I love working with SAS Technical Support because I get to see real problems that SAS customers face as they use SAS/IML software. The other day I advised a customer how to improve the efficiency of a computation that involved multiplying large matrices. In this article I describe an important efficiency tip: Never multiply with a diagonal matrix.

Here is the scenario. The customer needed to compute the matrix Z, which is the symmetric matrix product
Z = W1/2 B R B′ W1/2
where

• W = diag(d) is an N x N diagonal matrix
• B is an N x p matrix
• B′ is the transpose of B
• R is a p x N symmetric matrix. (The symmetry of R isn't exploited in this article.)
In the customer's scenario, N and p were large. Roughly, N = 10,000 and p = 600. The matrix computation was taking a long time, and because the computation was inside a simulation loop, the entire program required many hours to run.

### The brute force approach

The customer implemented the formula in the natural way. Let's time how long the straightforward computation takes. (I am using SAS 9.4, which uses multithreaded matrix multiplication. If you are using SAS 9.3, you might want to use N = 5000.) Since the contents of the matrices don't matter, I'll create random elements. As I've shown in a previous blog post, you can use the SQRVECH function to create the symmetric matrix R:

```proc iml; N = 10000; p = 600; /* define matrices */ d = j(N,1,1); /* d is N x 1 */ B = j(N,p,1); /* B is N x p */ v = j(p*(p+1)/2, 1, 1); /* allocate vector */ /* fill with random uniform numbers in (0,1) */ call randgen(d,"Uniform"); call randgen(B,"Uniform"); call randgen(v,"Uniform"); R = sqrvech(v); /* create symmetric p x p matrix */   /* straightforward (but slow) computation */ t0 = time(); W = diag(d); /* N x N diagonal matrix */ Z1 = sqrt(W) * B * R * B` * sqrt(W); T1 = time() - t0;```

On my computer, the naive computation with N = 10000 takes about 24 seconds. I think we can do better with a few small modifications.

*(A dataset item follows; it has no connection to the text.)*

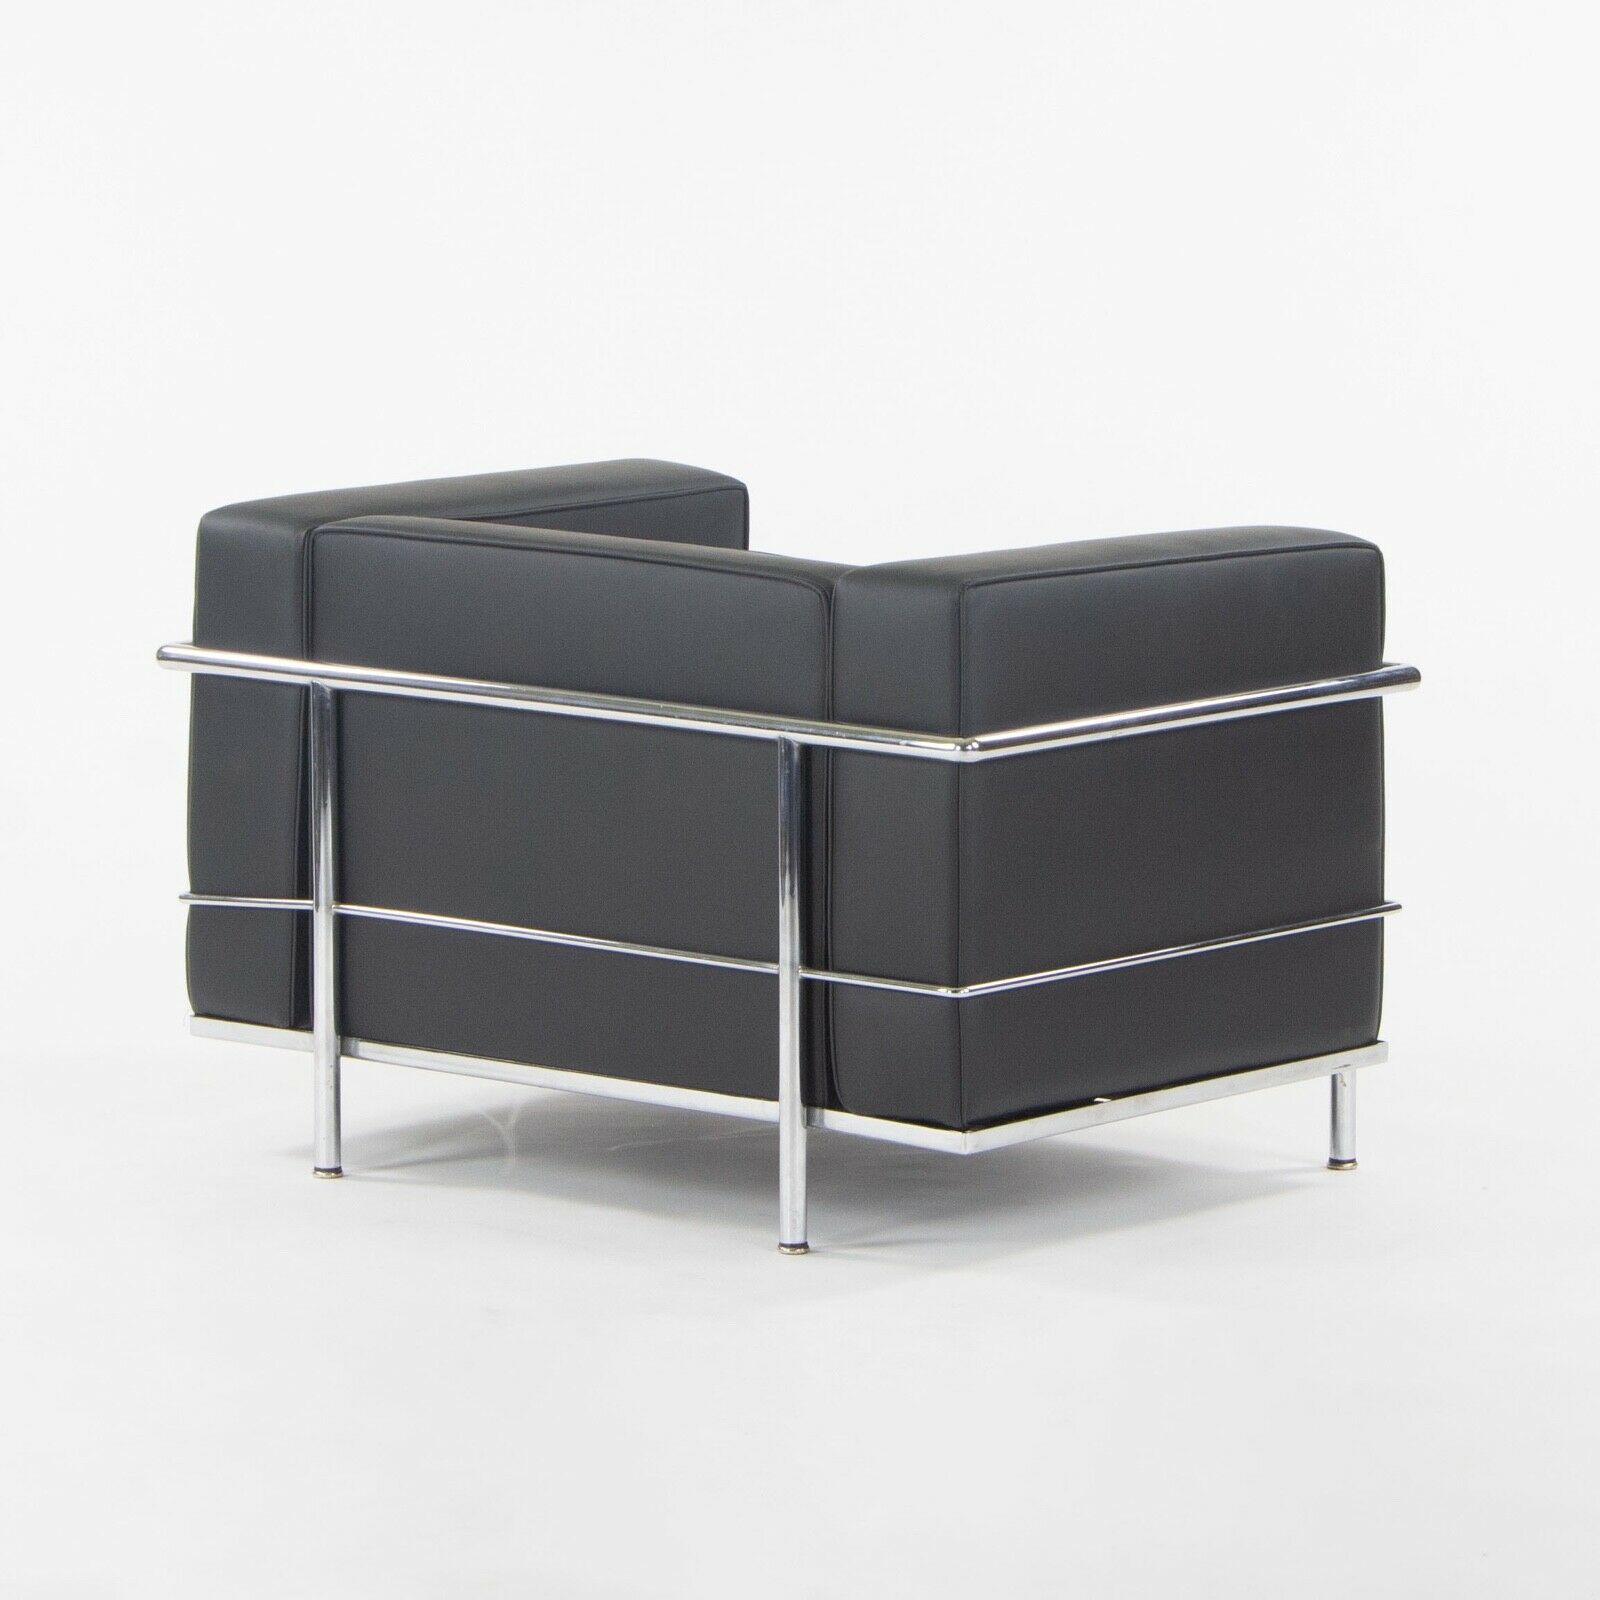 SOLD 1980s Pair of Cassina Le Corbusier LC3 Lounge Chairs with New Black Upholstery
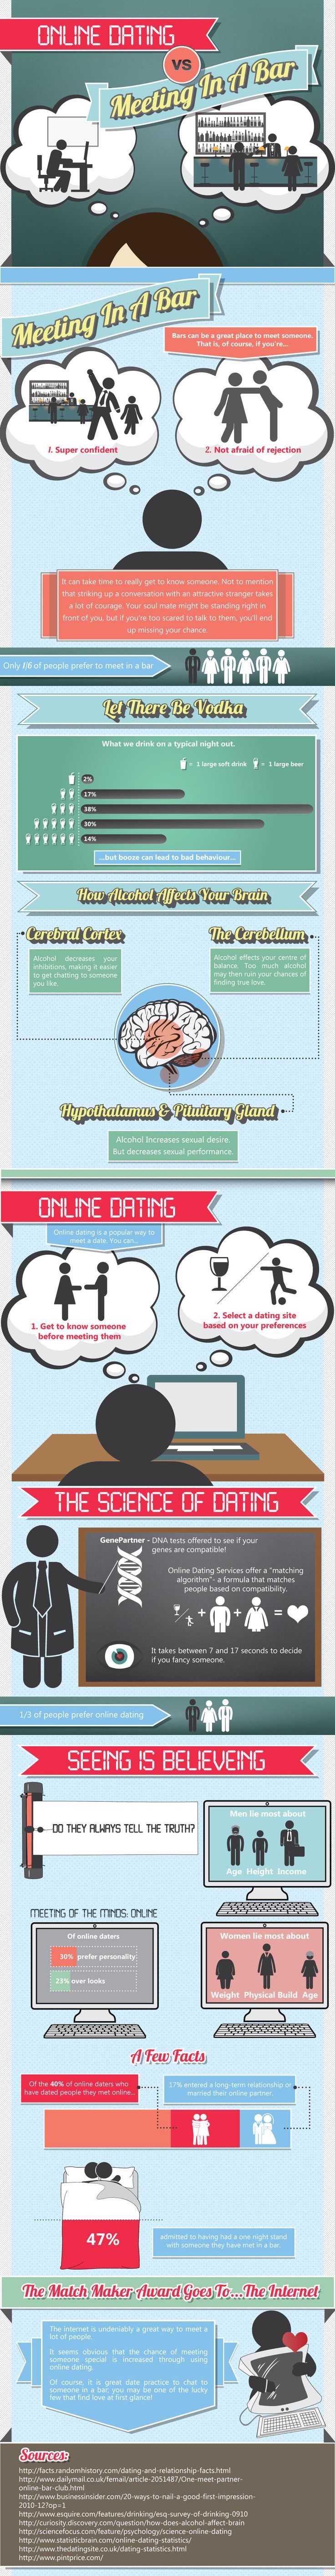 Online Dating Vs Meeting In A Bar

### Never multiply with a diagonal matrix

The time required to compute this matrix expression can be dramatically shortened by implementing the following improvements:

• W is a diagonal matrix. Therefore computation sqrt(W) * B multiplies the ith row of B by the ith element of the diagonal of W1/2. You can compute this expression more efficiently by using elementwise multiplication (#) operator, as I showed in an article about converting a correlation matrix into a covariance matrix. The simpler expression is sqrt(d) # B, which also avoids forming the huge N x N diagonal matrix, W, and avoids taking the square-root of N2 elements, most of which are 0.
• The expression sqrt(W) * B appears twice. The expression appears at the beginning of the formula, and the transpose of the expression appears at the end of the formula. Whenever you see a computation repeated twice, you should consider creating a matrix to hold the intermediate result, such as C = sqrt(d) # B.

If you implement these two improvements, the computation executes much quicker. On my computer it now takes less than a second:

```free W; /* release the W memory */ /* avoid forming diag(d) and store temporary result */ t0 = time(); C = sqrt(d) # B; Z2 = C * R * C`; T2 = time() - t0; print T1 T2;``` When you use a huge N x N diagonal matrix to multiply B, most of the time is spent multiplying the off-diagonal elements, which are zero. The naive approach multiplies (and adds) about 100 million zeros! The elementwise multiplication does not multiply any zeros. Getting rid of the diagonal matrix makes a major difference in the speed of the computation, and leads to the following efficiency tip:
Tip: Never, ever, multiply with a large diagonal matrix! Instead, use elementwise multiplication of rows and columns.

Specifically, if d is a column vector:

• Instead of diag(d) * A, use d # A to multiply the ith row of A by the ith element of d.
• Instead of A * diag(d), use A # d` to multiply the jth column of A by the jth element of d.